昭和の初め頃に、お祖父さんがお亡くなりになり、土地の名義がお祖父さんのままになっていたので、名義を変更したいとのご希望でした。遺産は、畑として使用している、かなり広い土地のみでした。
お祖父さんが亡くなってから時間が経過してしまっていたので相続人がかなりの数になるのではないかと心配していたのですが、幸いに、相続人は30名くらいでした。ご依頼者に、相続人の方との関係をお尋ねしたところ、おおよそ3つのグループに分けることができるとのことでした。
一つは、現在も親密な付き合いをしているグループ、もう一つは葬儀などのときにしか顔を合わせないグループ、そして、最後はまったく連絡もとらなくなってしまったグループです。ご依頼者のお話では、親密な付き合いをしているグループと葬儀などのときにしか顔を合わせないグループの相続人の方には、ご依頼者が、お祖父さんの土地を相続することで承諾をいただいているが、まったく連絡もとらなくなってしまったグループとは、全く話をすることができないため、遺産分割の交渉を依頼したいとのことでした。
弁護士の対応
そこで、私どもから、そのグループの相続人に対し、これまでの経過、依頼者様のご希望をお伝えする手紙を送りました。
そのグループの相続人からは、土地は要らないけれどもお金(代償金)で支払って欲しいとの連絡がありました。その金額はその土地の付近の相場価格からするとかなり高めでした。
ご依頼者に相談したところ、お金(代償金)が準備できないとのことでした。そこで、遺産分割の調停を申し立てることにしました。
調停では最初、代償金分割が可能かどうか検討されましたが、土地の面積が広く、評価額が高めになるため、やはり代償金を用立てることができないとなり、現物分割をすることになりました。
この土地は、面積が広いのと、土地の中に段差があること、そして道路との接続がいま一つのために、どのように分割するかが大きな課題でした。
ご依頼者としては、面積が減っても今後も畑として使い続けたいとのご希望があり、他方、他の相続人は、分割後は不動産屋さんに依頼して取得した土地を売却したいとのご希望がありました。

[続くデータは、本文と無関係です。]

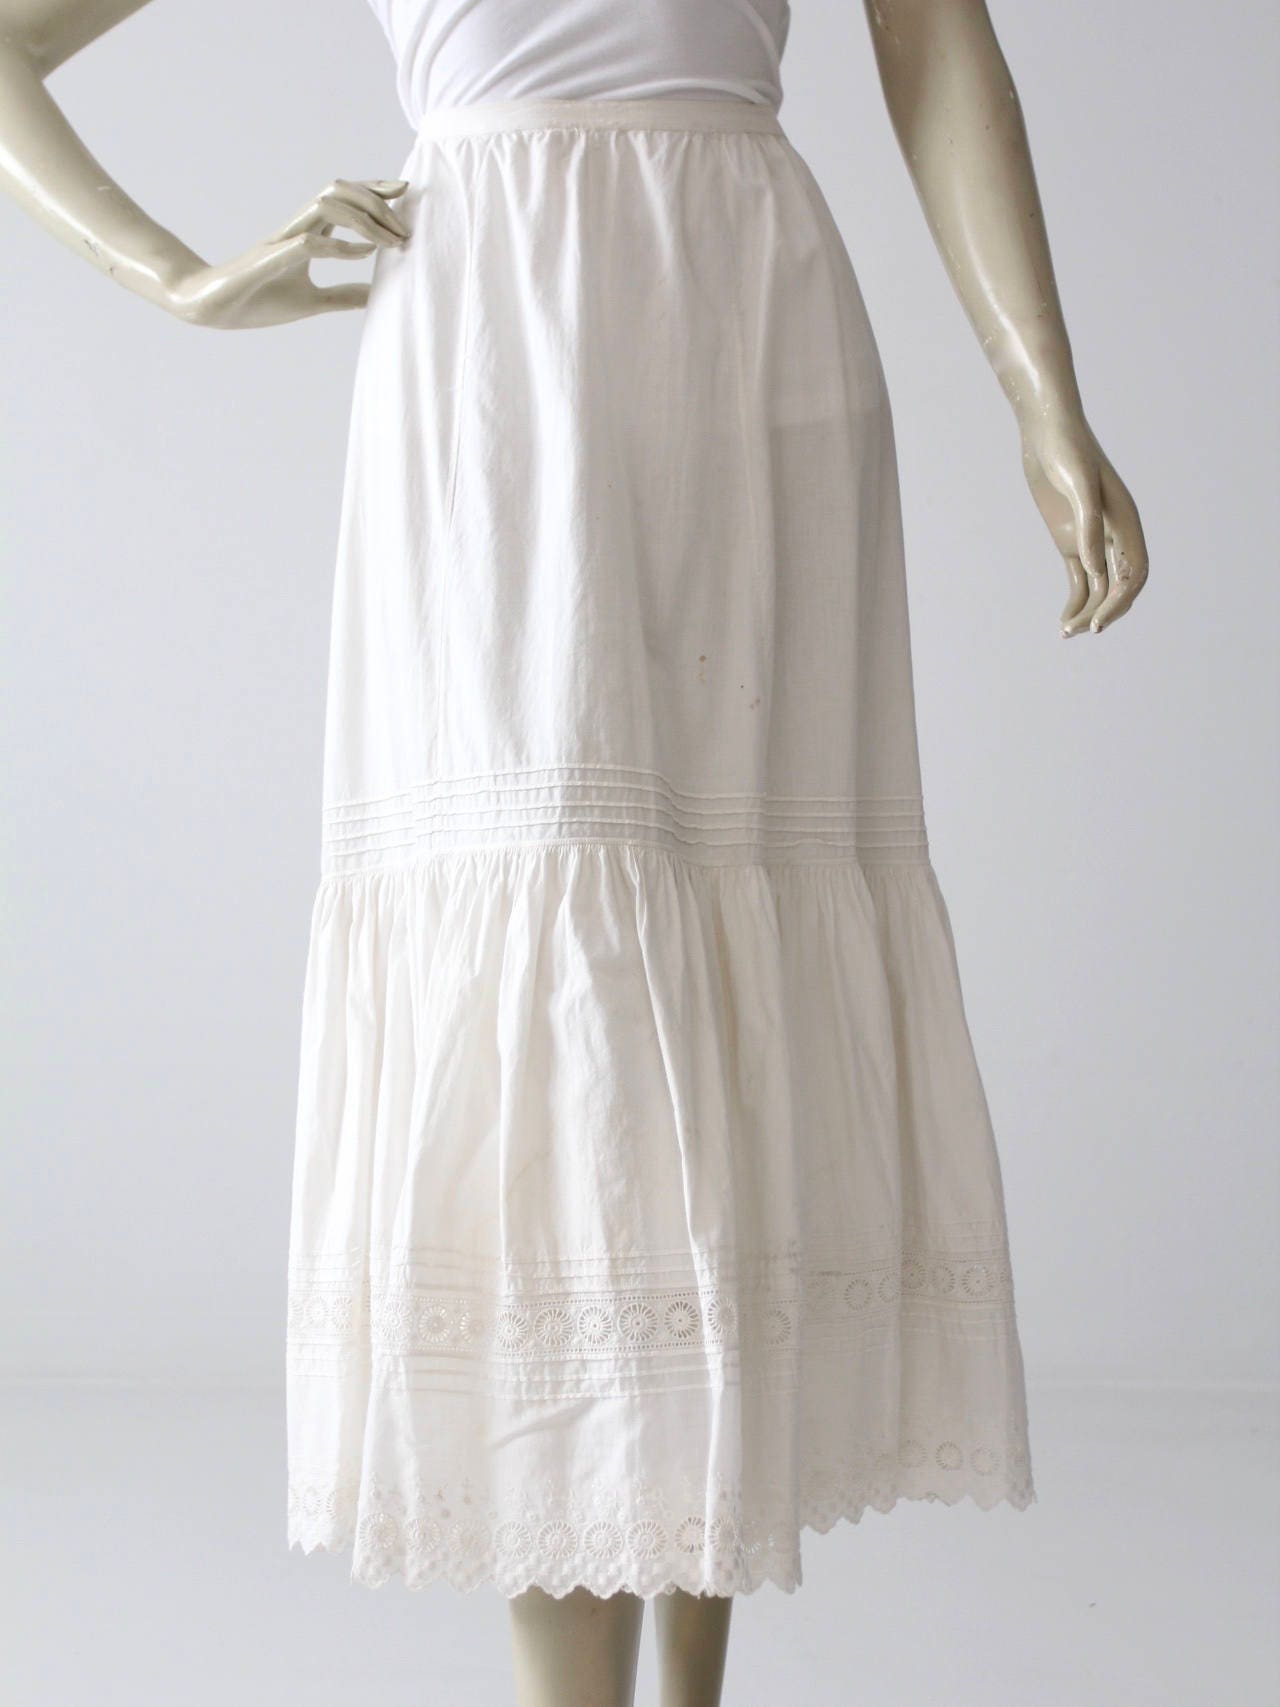 Victorian petticoat antique white skirt eyelet underskirt | Etsy

そこで、これらの条件を充たす分割案を作成するために、私どもが親しくしている不動産屋さん、不動産鑑定士さん、土地家屋調査士さんに相談をしながら、分割案の図面を作成しました。
結果
このおかげもあり、こちらが提案した分割案のとおりに調停がまとまりました。
現物分割をする場合には、他士業とのネットワークを活用することが必要ですが、それが功を奏した案件でした。